Shape Optimization of an Organic Rankine Cycle Radial Turbine Nozzle

[+] Author and Article Information
David Pasquale

e-mail: david.pasquale@ing.unibs.it

Antonio Ghidoni

e-mail: antonio.ghidoni@ing.unibs.it

Stefano Rebay

e-mail: stefano.rebay@ing.unibs.it
Dipartimento di Ingegneria,
Meccanica e Industriale,
Universita degli Studi di Brescia,
Via Branze, 38,
25123 Brescia, Italy

Contributed by the International Gas Turbine Institute (IGTI) of ASME for publication in the Journal of Engineering for Gas Turbines and Power. Manuscript received February 29, 2012; final manuscript received September 13, 2012; published online March 18, 2013. Assoc. Editor: Joost J. Brasz.

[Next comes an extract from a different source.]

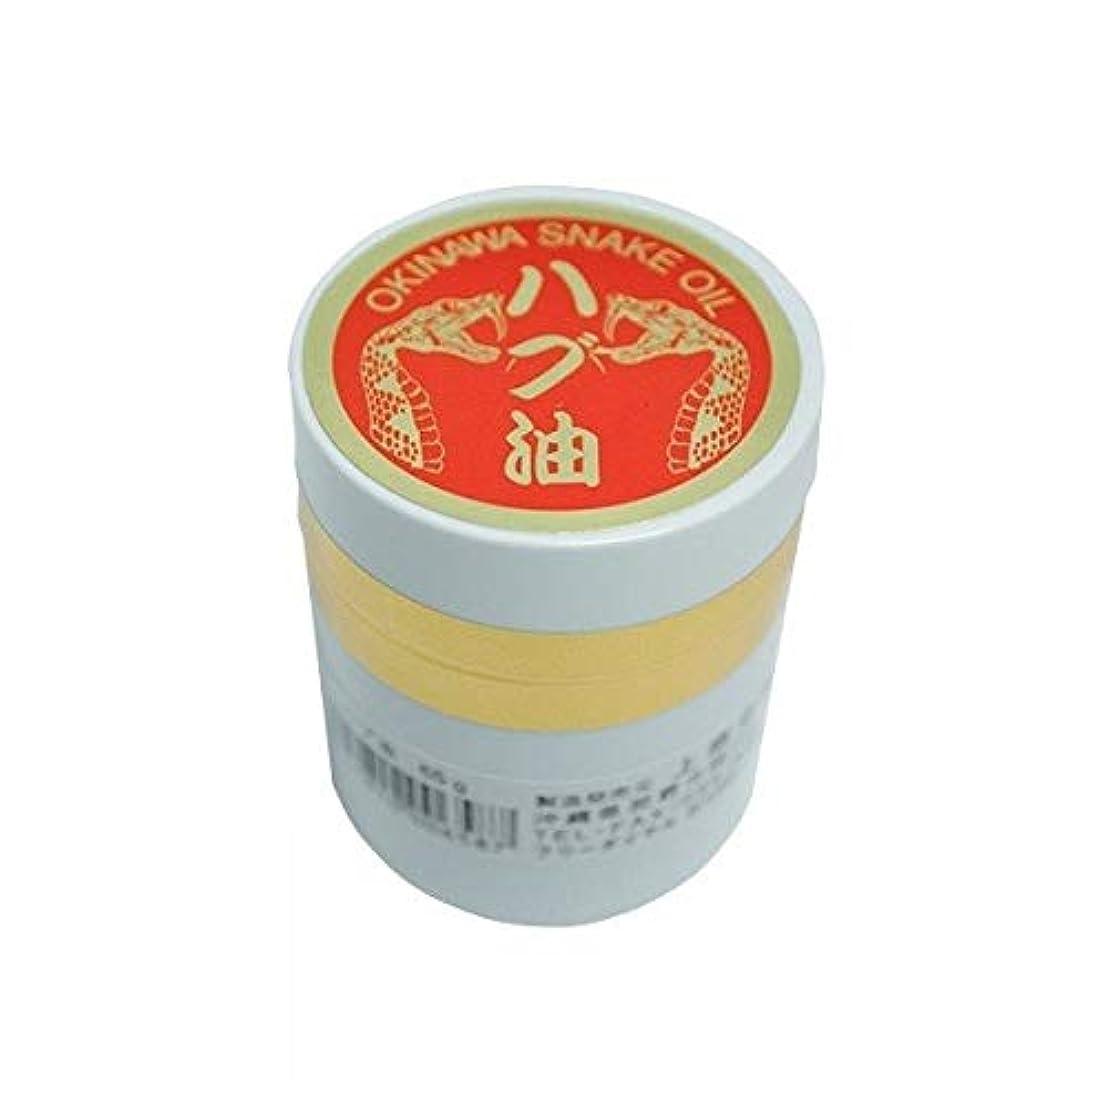 ファッション慎重葉を拾う沖縄産 ハブ油 65g 軟膏タイプ

J. Eng. Gas Turbines Power 135(4), 042308 (Mar 18, 2013) (13 pages) Paper No: GTP-12-1061; doi: 10.1115/1.4023118 History: Received February 29, 2012; Revised September 13, 2012

During the last decade, organic Rankine cycle (ORC) turbogenerators have become very attractive for the exploitation of low-temperature heat sources in the small to medium power range. Organic Rankine cycles usually operate in thermodynamic regions characterized by high pressure ratios and strong real-gas effects in the flow expansion, therefore requiring a nonstandard turbomachinery design. In this context, due to the lack of experience, a promising approach for the design can be based on the intensive use of computational fluid dynamics (CFD) and optimization procedures to investigate a wide range of possible configurations. In this work, an advanced global optimization strategy is coupled with a state-of-the-art CFD solver in order to assist in the design of ORC turbines. In particular, a metamodel assisted genetic algorithm, based on the so-called `off-line trained’ metamodel technique, has been employed. The numerical solutions of the two-dimensional (2D) Euler equations are computed with the in-house built code zFlow. The working fluid is toluene, whose thermodynamic properties are evaluated by an accurate equation of state, available in FluidProp. The computational grids created during the optimization process have been generated through a fully automated 2D unstructured mesh algorithm based on the advancing-Delaunnay strategy. The capability of this procedure is demonstrated by improving the design of an existing one-stage impulse radial turbine, where a strong shock appears in the stator channel due to the high expansion ratio. The goal of the optimization is to minimize the total pressure losses and to obtain a uniform axisymmetric stream at the stator discharge section, in terms of both the velocity magnitude and direction of the flow.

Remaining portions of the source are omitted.